Your assignment: Only the pictures are to be left out; write out the rest of the data exactly.

── Supplied material

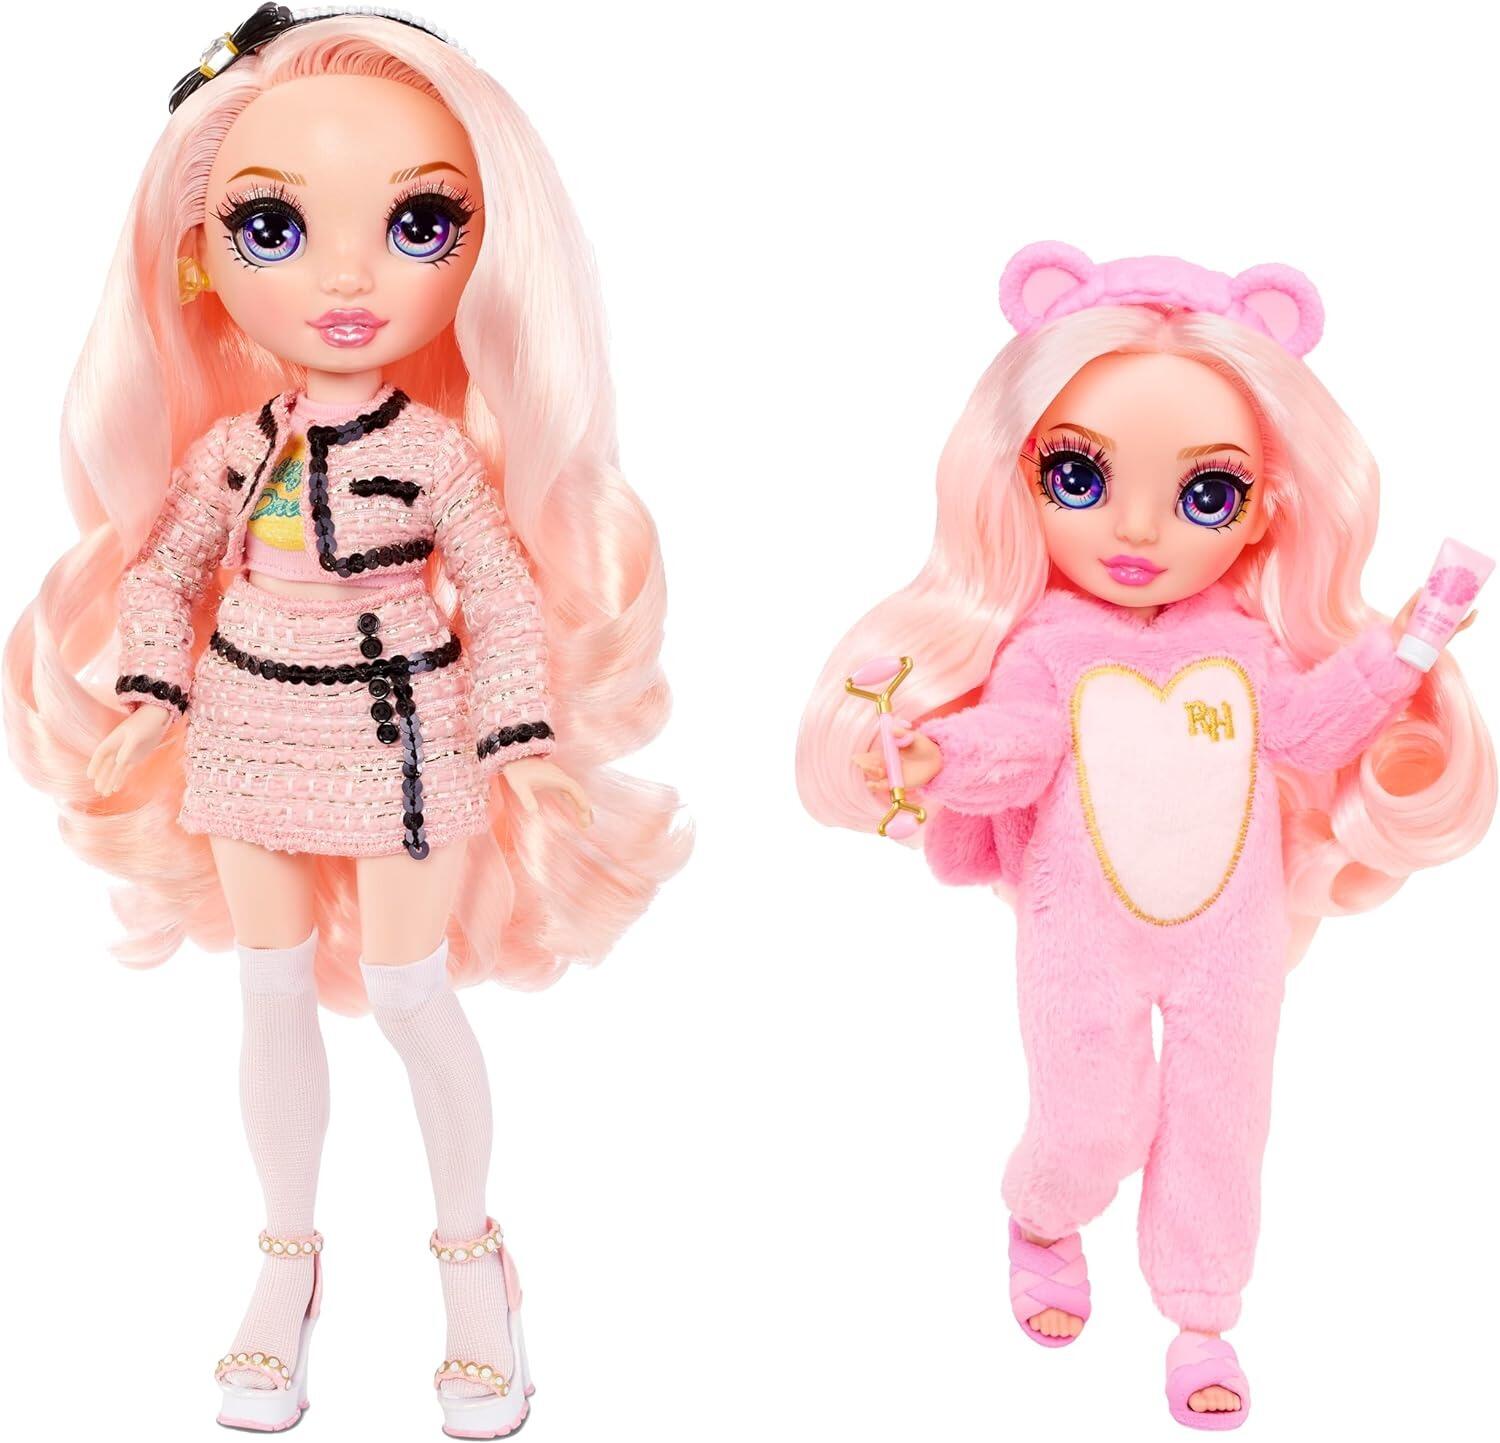 Rainbow High Jr High PJ Party- Bella (Pink) 9” Posable Doll with Soft Onesie, Slippers, Play Accessories
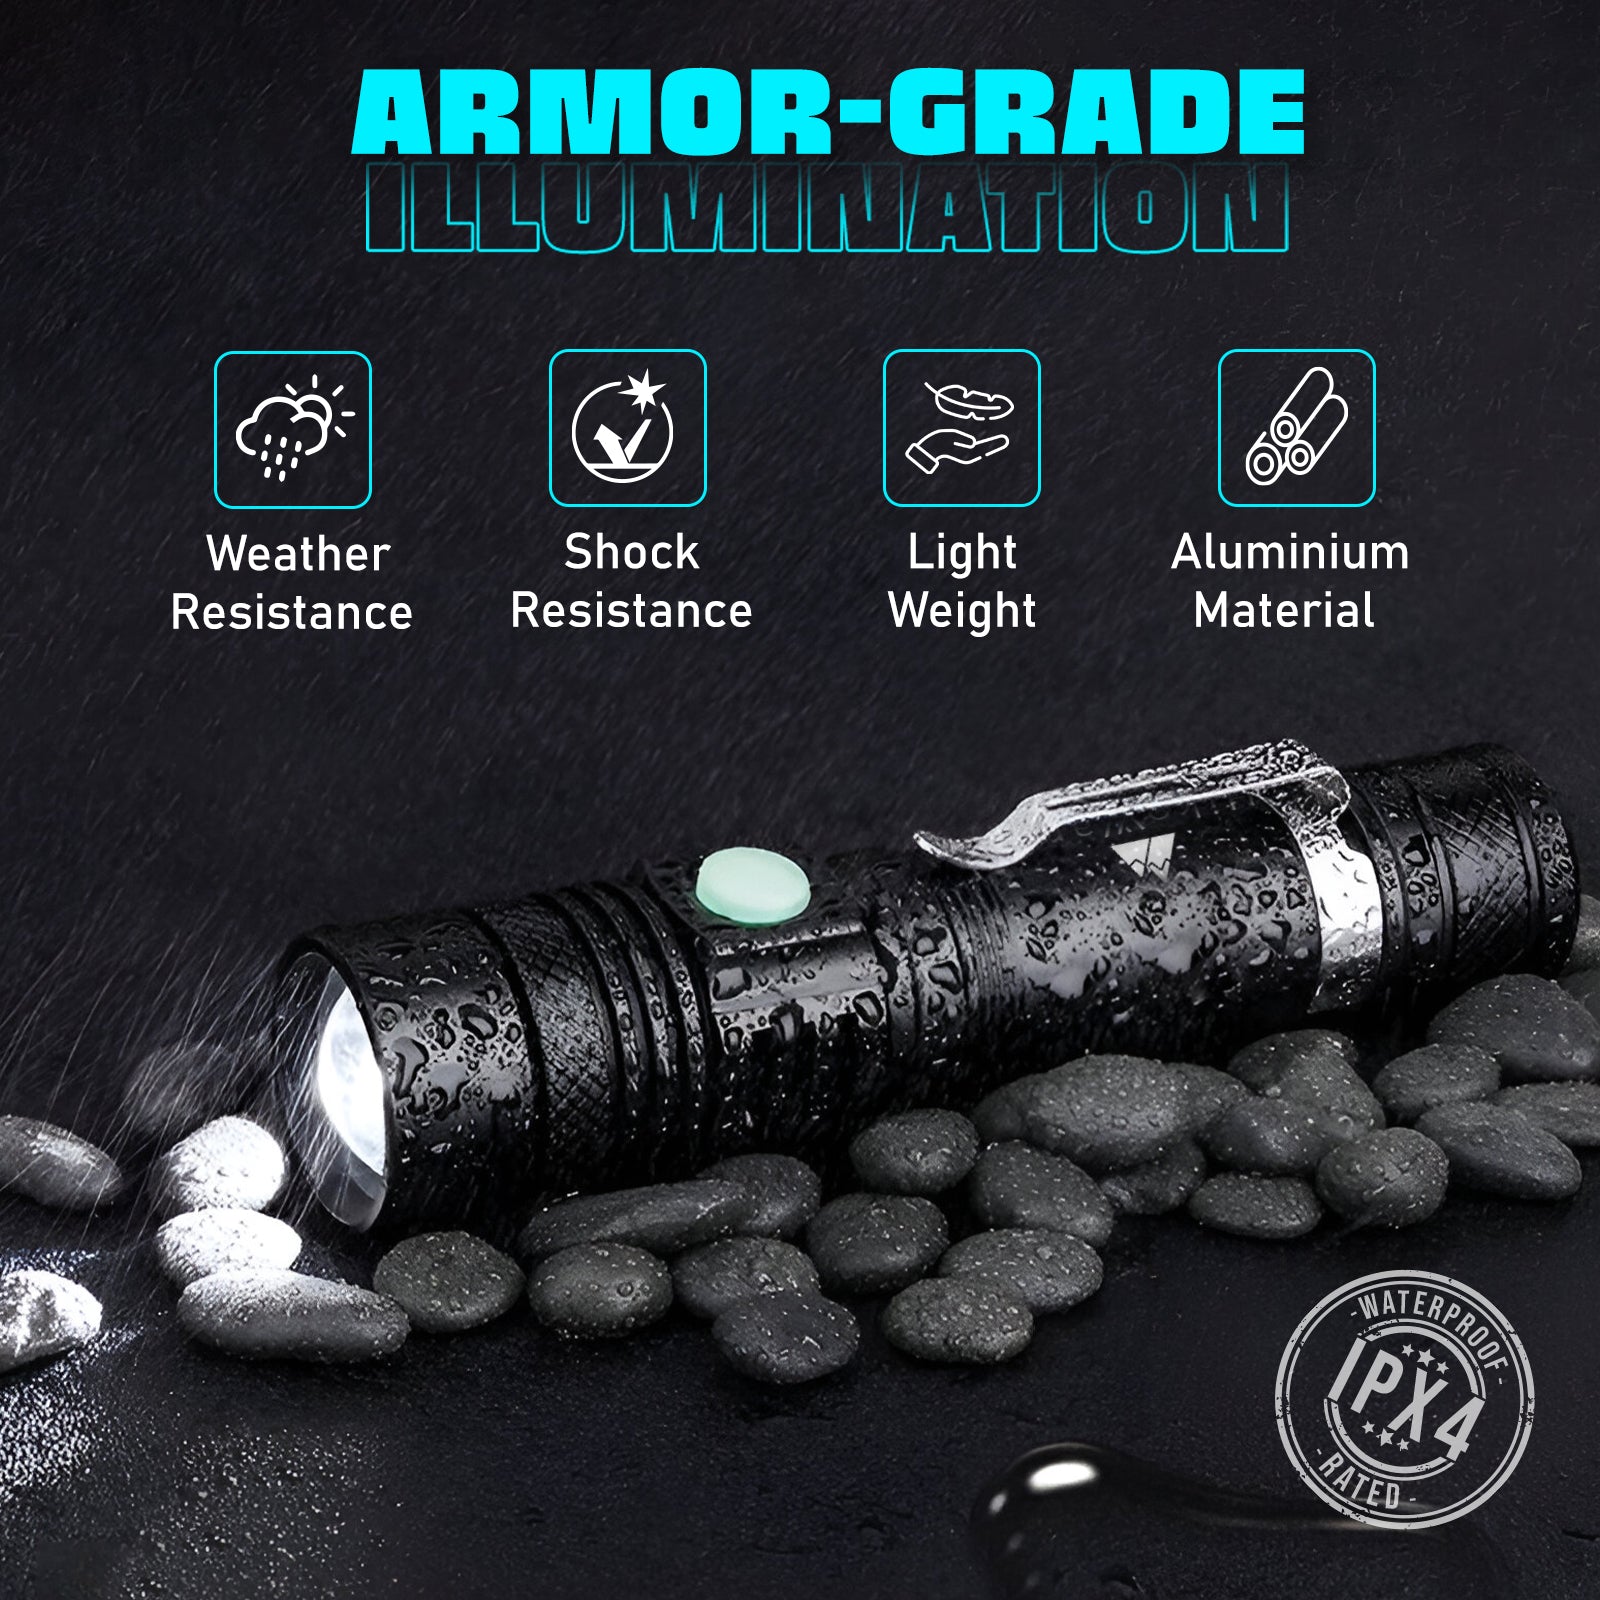 HikeWare Ultra Bright LED Flashlight. Waterproof, Zoomable, USB Rechargeable - HikeWare  Experience the power of HikeWare's Ultra Bright LED Flashlight. Waterproof, lightweight, and 10x brighter than incandescent lights.
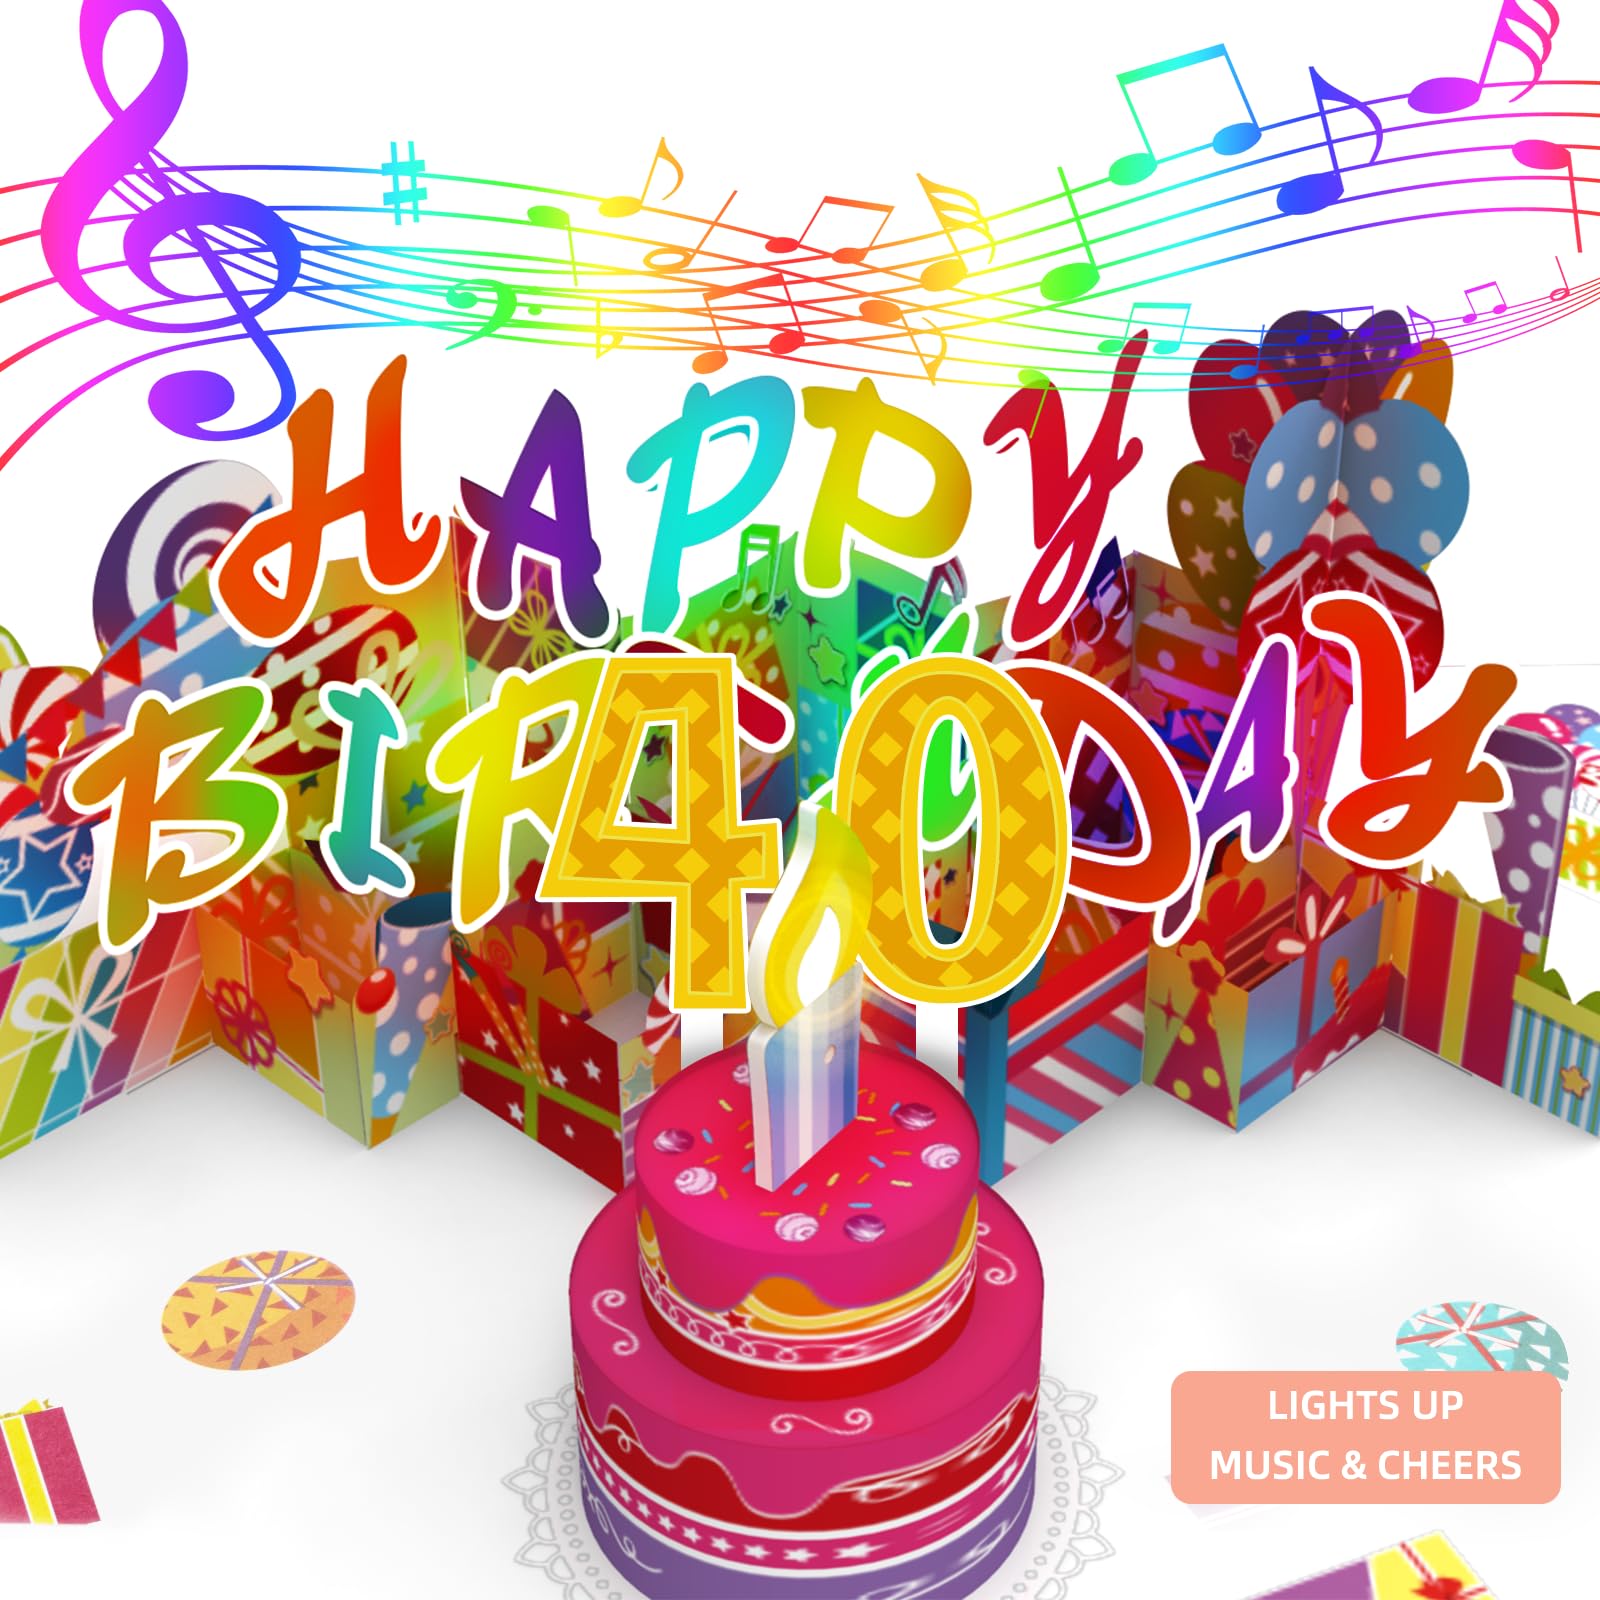 Gumry 40TH Musical Birthday PopUp Card, Blowable LED Light Candle 3D Cards with Song 'HAPPY', Applause Cheers Sound,Color-Changi

────

Solution:
 Rainbow High Jr High PJ Party- Bella (Pink) 9” Posable Doll with Soft Onesie, Slippers, Play Accessories
 HikeWare Ultra Bright LED Flashlight. Waterproof, Zoomable, USB Rechargeable - HikeWare  Experience the power of HikeWare's Ultra Bright LED Flashlight. Waterproof, lightweight, and 10x brighter than incandescent lights.
 Gumry 40TH Musical Birthday PopUp Card, Blowable LED Light Candle 3D Cards with Song 'HAPPY', Applause Cheers Sound,Color-Changi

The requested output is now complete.